Elizabeth Buchanan (April 16, 1767 - May 14, 1833) was the mother of 15th U.S. President James Buchanan.

==Biography==
Elizabeth Speer was born on April 16, 1767 on her father's farm in Lancaster County, Pennsylvania. She was the only daughter of Mary and James Speer, but had four older brothers. She was of Scotch-Irish descent; James Speer, an emigrant from Scotland, had moved with Mary to Pennsylvania in 1756. Sometime during Elizabeth's youth the family moved to a plot between Chambersburg and Gettysburg, Pennsylvania. Mary Patterson died when Elizabeth was young; Elizabeth became the one henceforth responsible for housework.

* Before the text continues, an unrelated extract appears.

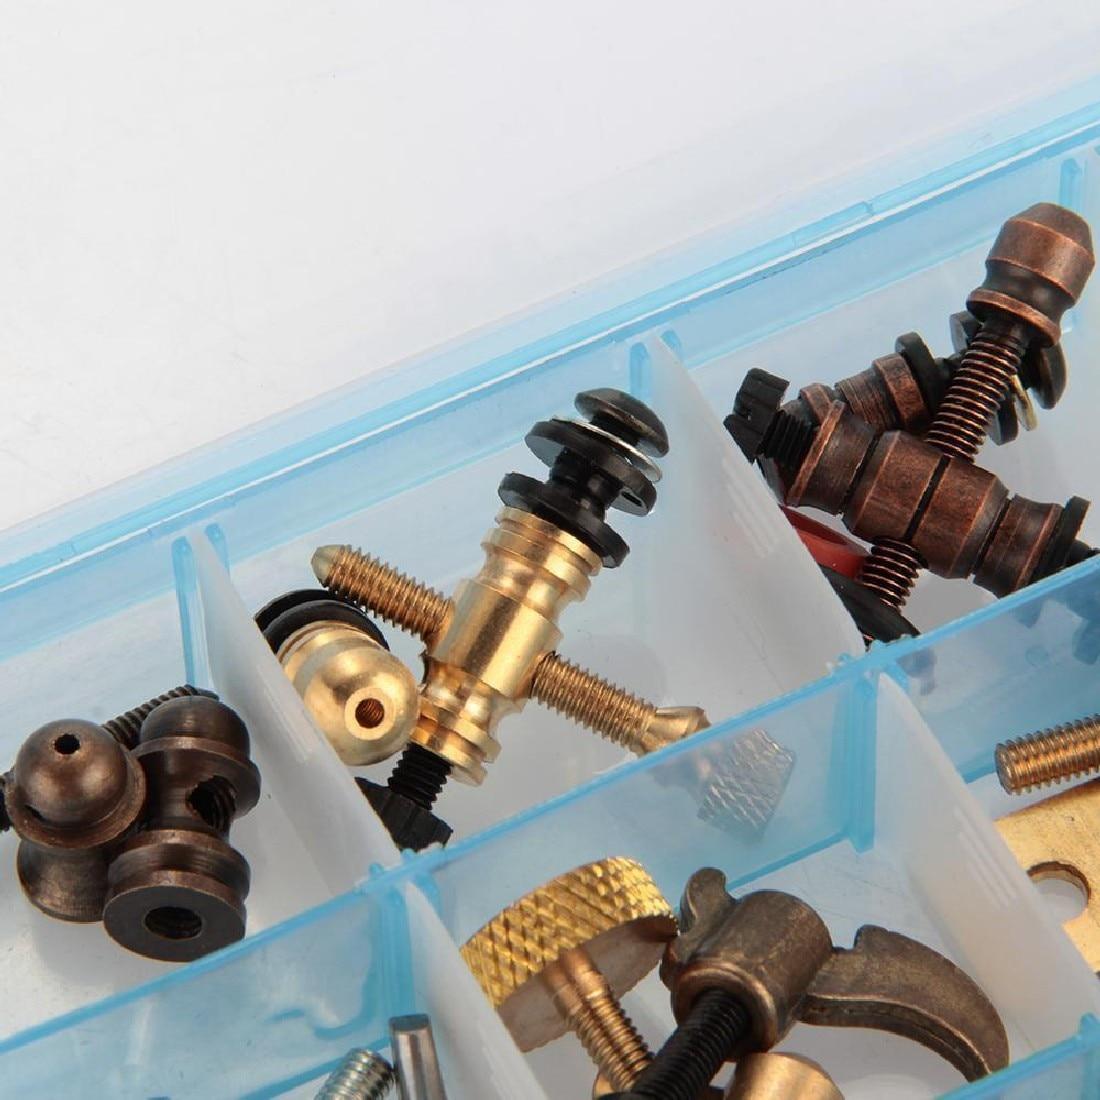 Tattoo Parts and Accessories Screws Kit for Machine Gun Performent Body Art DIY Supply set blue

Circa 1783 she met and fell in love with James Buchanan Sr., a local tavern keeper's nephew. They married at the Upper West Conococheage Church in Mercersburg, Pennsylvania on April 16, 1788, whereupon she moved into his home at his trading post in Cove Gap. The couple had eleven children (five sons and six daughters), eight of whom survived to adulthood; including James and Jane, the mother of first lady Harriet Lane. The first child, Mary, died in 1791 aged two, causing Elizabeth to lavish her affection on James, who had been born shortly before Mary's death; thus he was, until a brother was born when he was fourteen, the family's favorite. In 1796, James Buchanan Sr. moved the family into a house he built near Mercersburg, out of which he ran a shop.

Though she did not receive a complete formal education, she was well-read; she could recite "stanzas of Milton from memory", wrote a poem titled "The Fireside", had a wealth of knowledge about theology and read poetry to her children. She had interests in the poetry of not only Milton but of Alexander Pope, William Cowper and Edward Young. She valued education, particularly for her sons; educated all her children; and enjoyed having arguments with them to nurture their ability to reason. She insisted on continuing to do housework even after the family became financially able to hire help. She and her husband were Presbyterians who imparted onto their children the same religious beliefs. She withdrew into a "closer study of theology" after the deaths of her husband in 1821 and then of a daughter and two of their sons (George and William).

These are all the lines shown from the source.